Many of us grab our phones before anything else in the morning and it’s probably the last thing we touch before sleep. Though when I busy with my phone, sometimes I lose track of the people who are physically with me, but I never thought it’s an addiction, because phone made things easier in my life, I don’t carry pen, diary, any kind of shopping list, everything is in my phone. But then came the day when I forgot to charge the battery and had to carry the dead phone to the work. On the way, I had the feeling that something was vibrating and I thought it was my phone and obviously found nothing, similarly when I had something in mind to tweet, I could do nothing but staring at my dead phone. To cut to the chase, those 60 odd minutes made me realize, that how difficult life is without a phone.
Can the aforementioned feelings be described as Phantom limb syndrome?
Phantom limb syndrome is suffered by many amputees, who feel strange and often painful sensations coming from their missing limbs. According to medics, a phantom limb is the sensation that an amputated or missing limb is still attached to the body and is moving appropriately with other body parts (Wikipedia FTW).
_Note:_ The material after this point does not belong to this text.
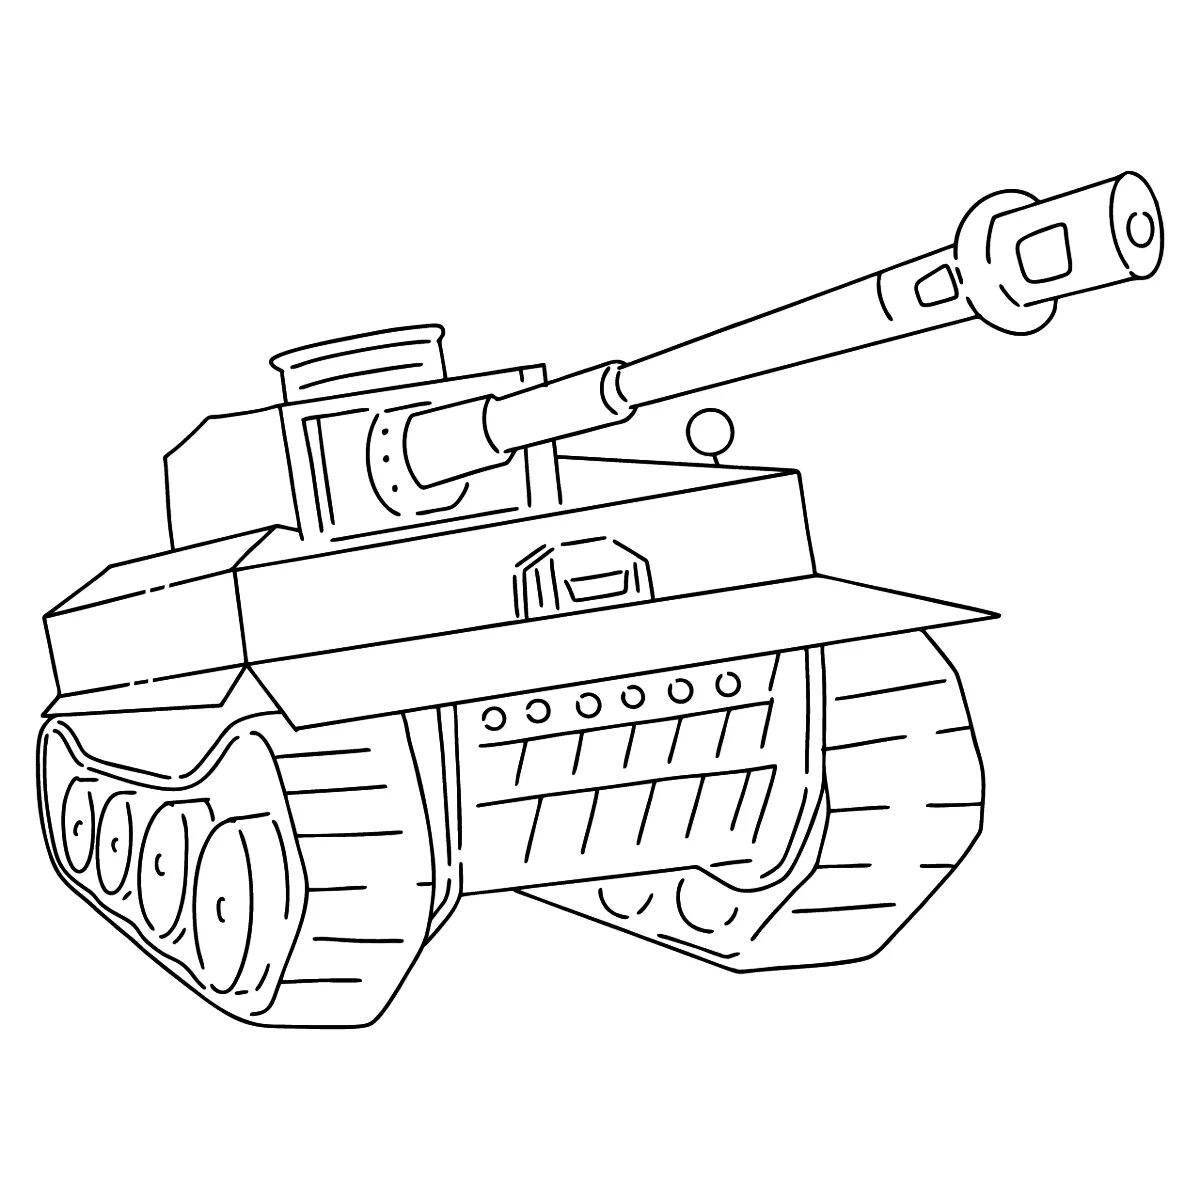 Элегантная раскраска танк пантеры

But the phone is not a part of our body, or is it?
I use my gadgets so much, and so many people do these days, that we may consider them to be part of ourselves. Our reliance on Smart phone reached to the point where we feel their absence as painful as limbs; just imagine the life few years down the road?
In today’s world, Smart phones aren't just a mean of communication, these toys are absolutely critical for managing our personal life and work. Since most of us live a life that is very much lost in social media, Smart phones took the centre stage, because it is the quickest way that connects us to the Internet. Apps for news and weather have become very much of a routine in the morning, even in this part of the world, many of us use Google Maps & others Smart phone apps for navigation, albeit still the largest percentage of people use their phones for twitter, Facebook and others forms of social networking.
Coming back to the question; is it an addiction?
Many believe it isn't while some contend that it's fast on its way to being classified as a disease similar to drug addiction or gambling.
Dr. David Greenfield, a psychologist who is an expert on Internet-related behaviours at The Center for Internet and Technology Addiction, says he predicted a decade ago that people would become ultra-dependent on mobile devices, even more than they are on PCs and laptops. Since phones don't weigh much and fit easily into a pocket or a purse, "the threshold is even easier to cross, and there's no end to it," Greenfield says. "You're pretty much hooked in wherever you are, if you want to be."
Greenfield says “constant and continual use of untethered devices produces chemical responses in the body similar to gambling. When compulsive gamblers win a hand, they are motivated to keep playing till they win again--no matter how much they lose in between”.
On account of my personal feelings, I can say it’s a kind of addiction, but worthy of having it, because smart phone has made my life better, easier and efficient. Maybe it’s not impossible to live life without them, but cell phone slaves know no other way to live.